§ TASK ITEM
All that is needed is the line containing "721 High Rise Skinny Jean - Snatched - Blue" and the lines after it to the end of the material, written out exactly, pictures left aside.

§ INPUT DATA

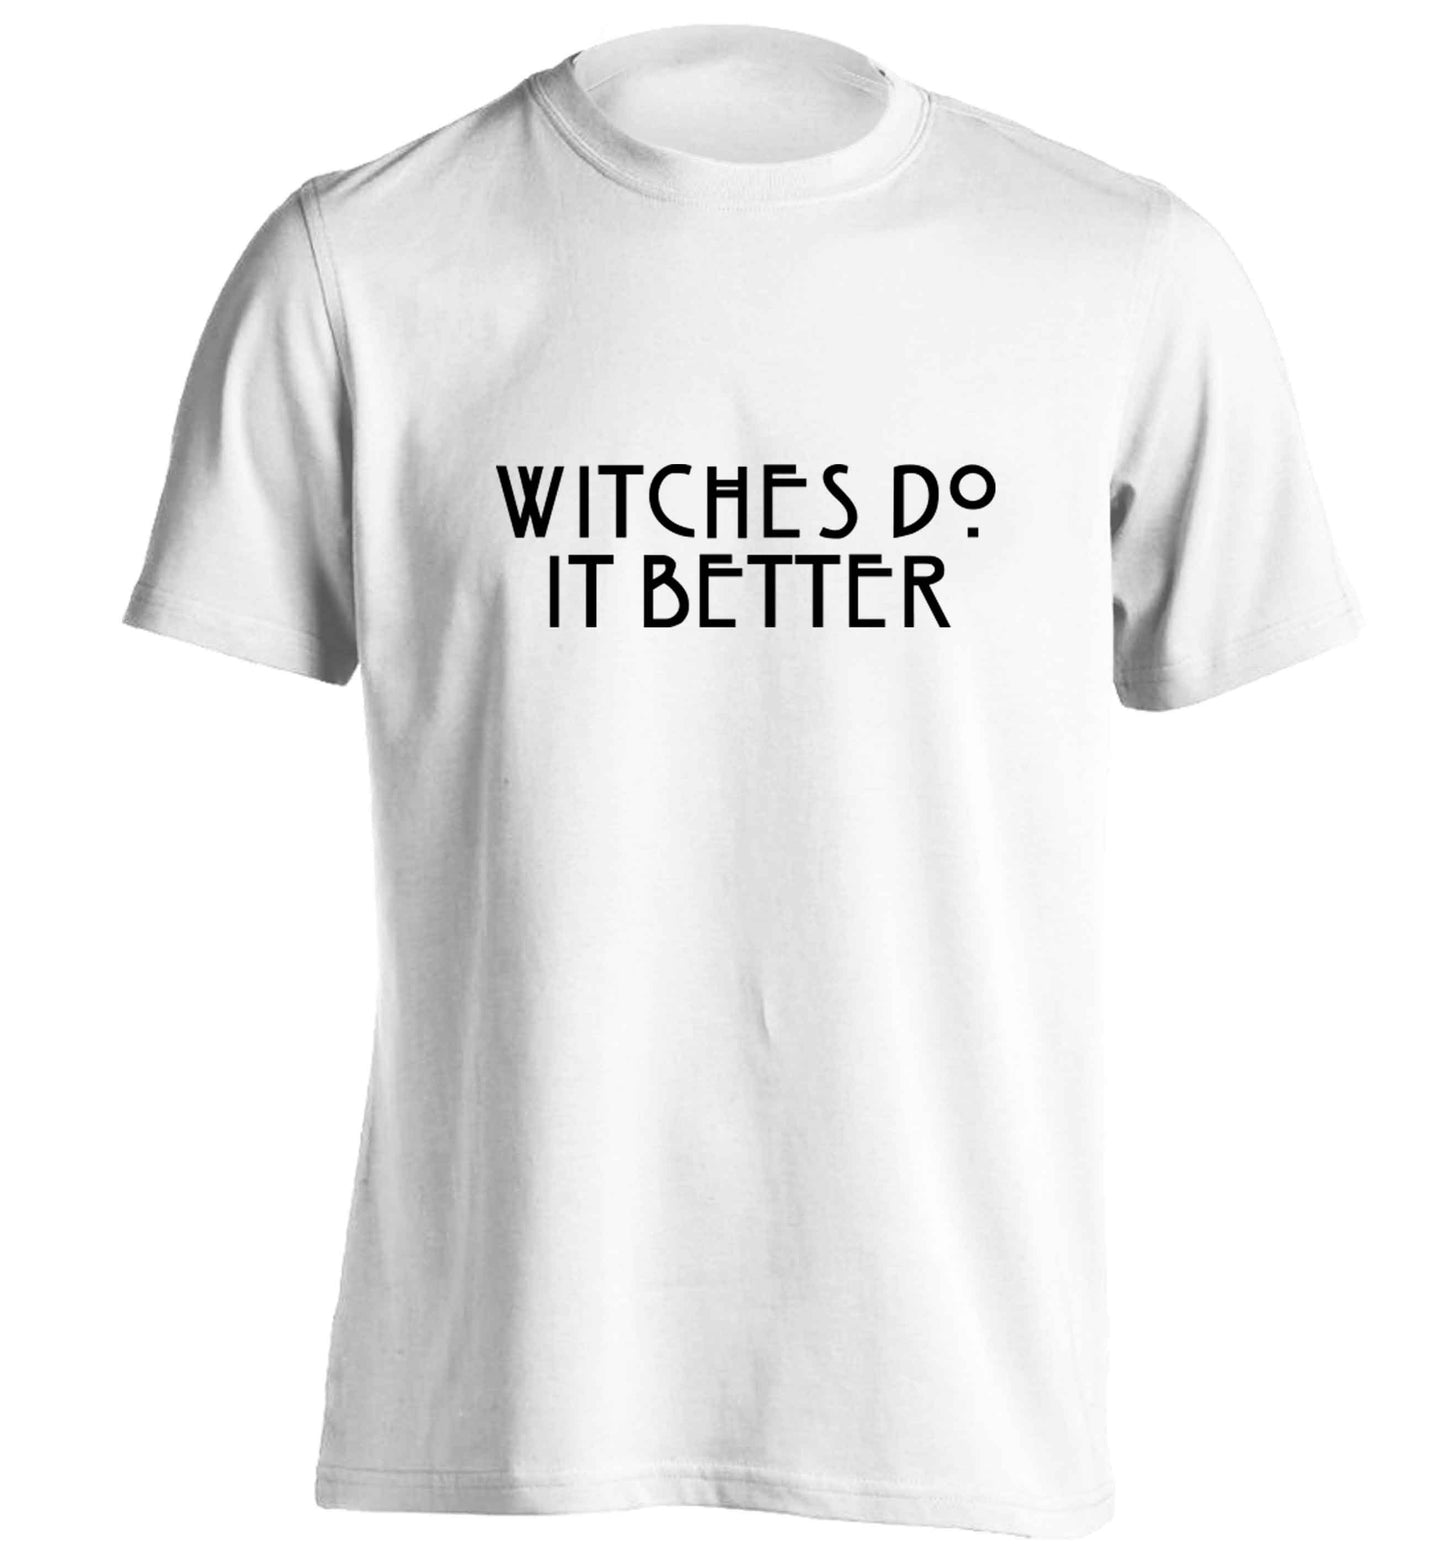 Witches do it better adults unisex white Tshirt 2XL
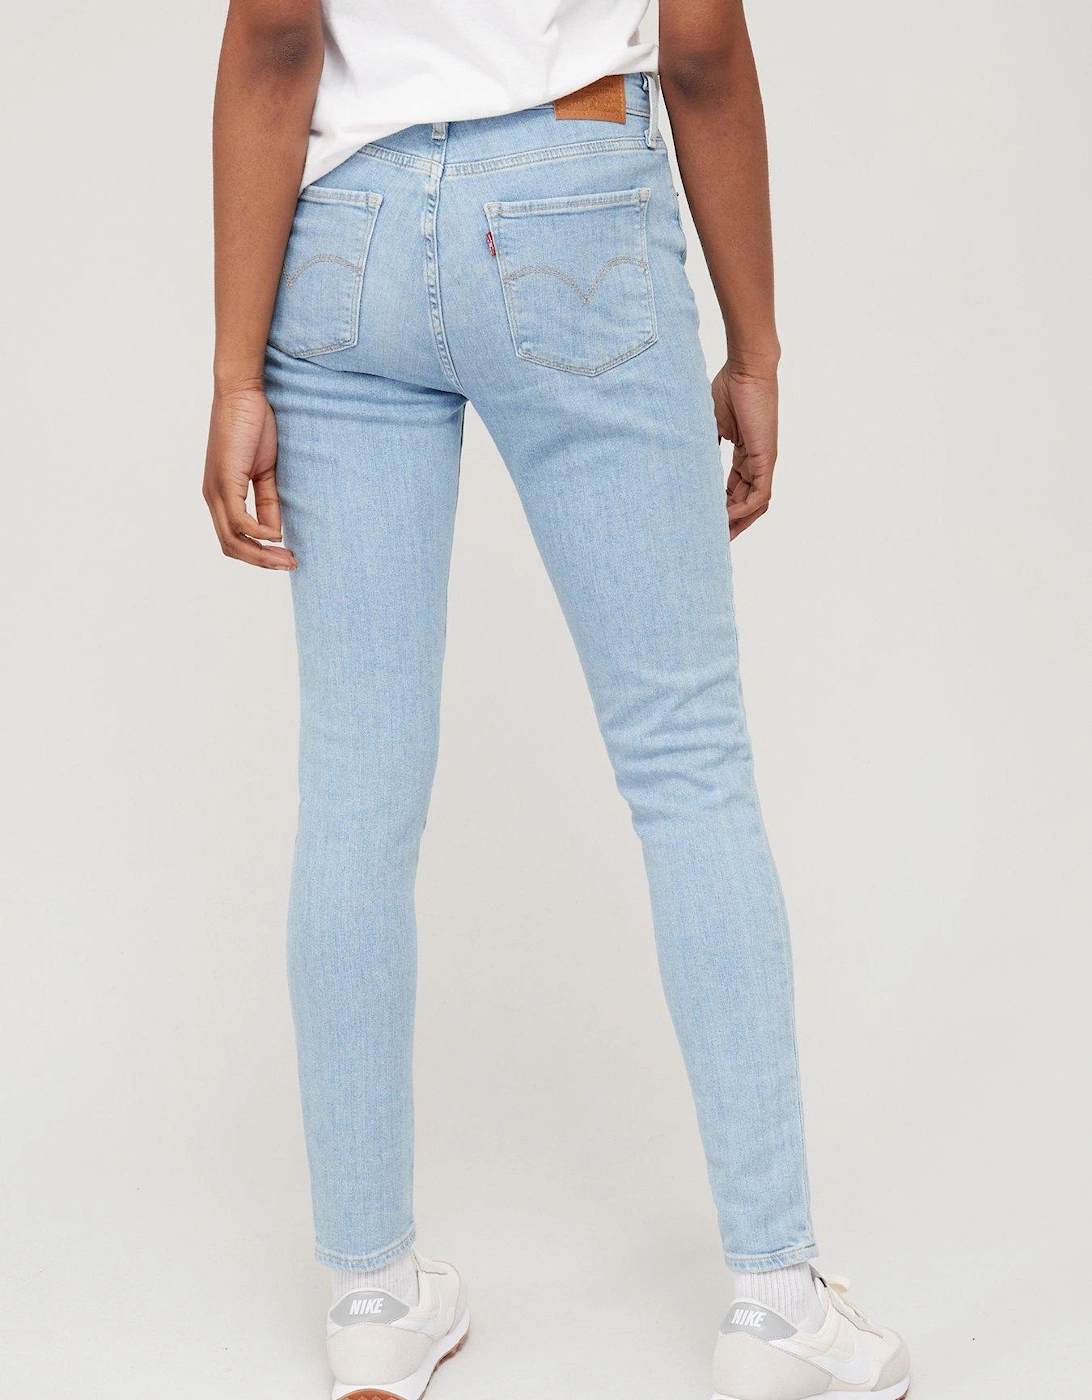 721 High Rise Skinny Jean - Snatched - Blue
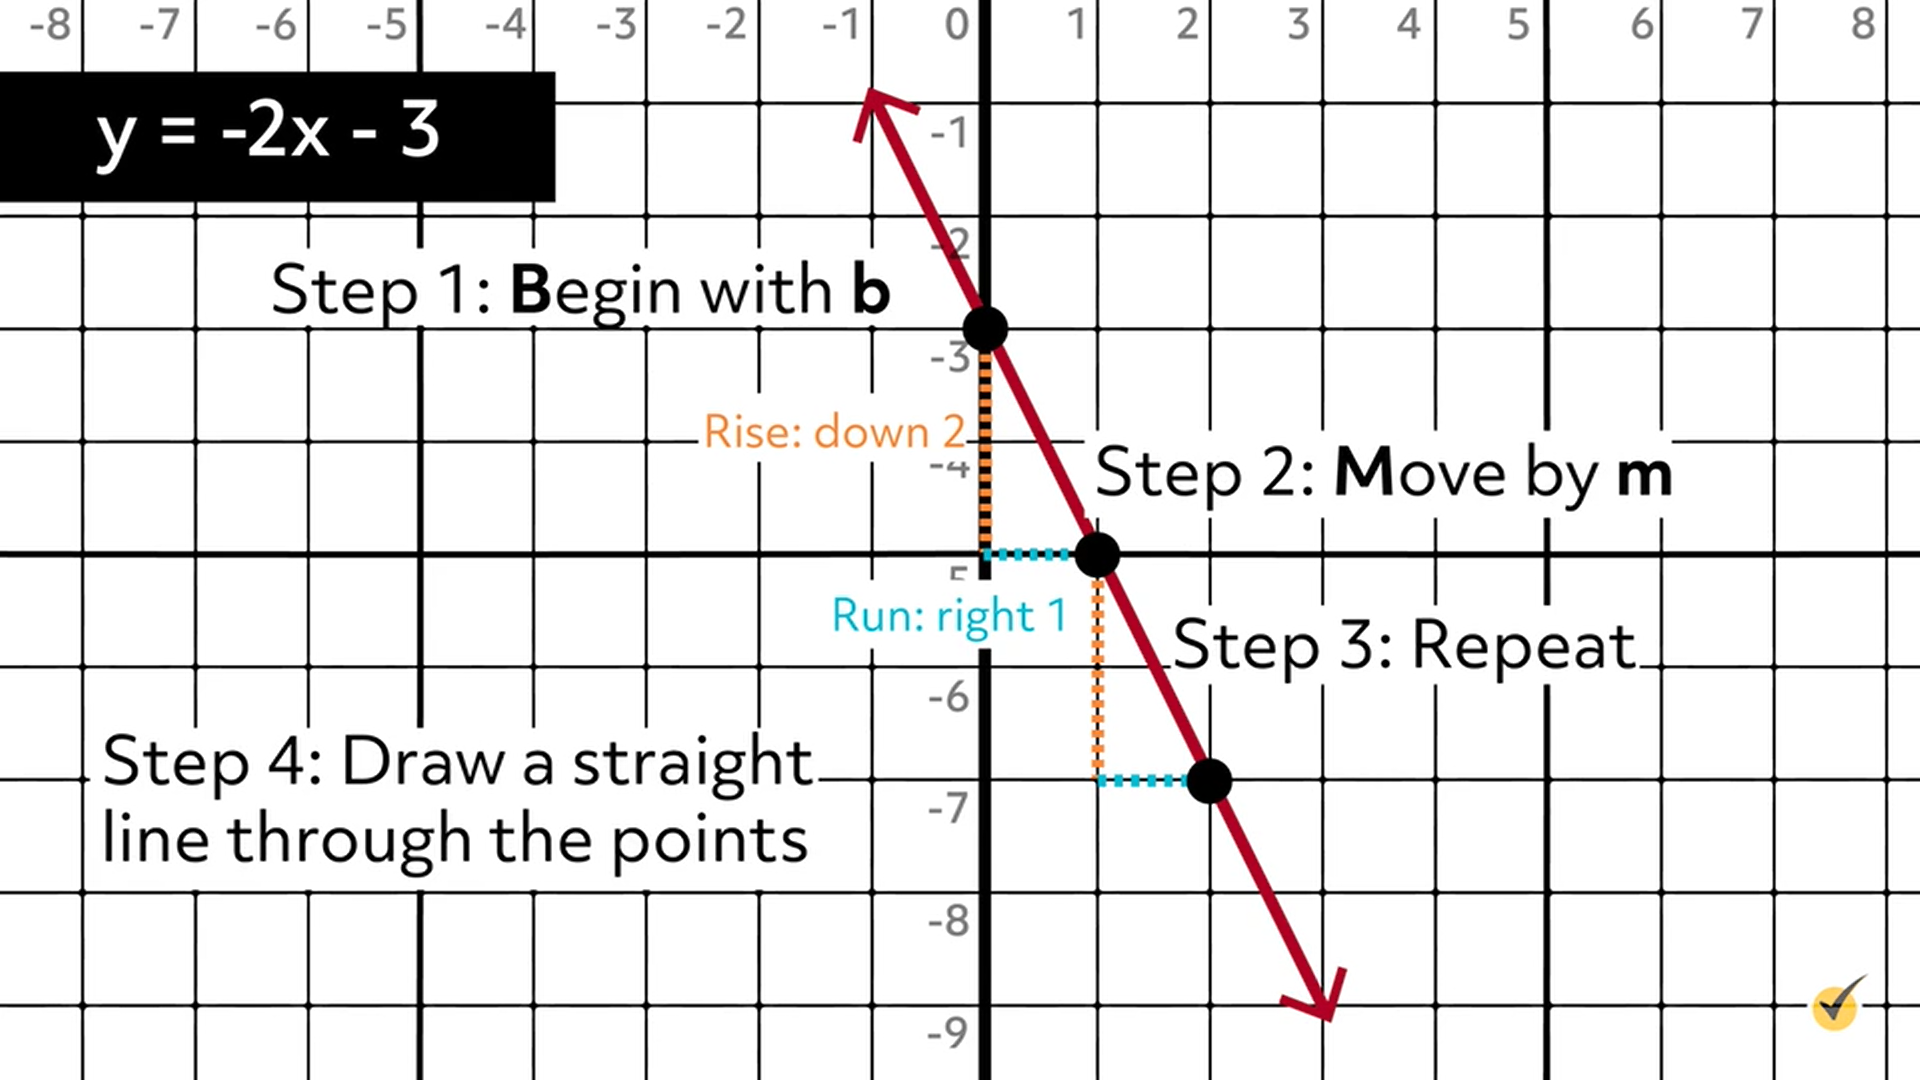 draw a straight line through the points

§ TASK SOLUTION
 721 High Rise Skinny Jean - Snatched - Blue
 draw a straight line through the points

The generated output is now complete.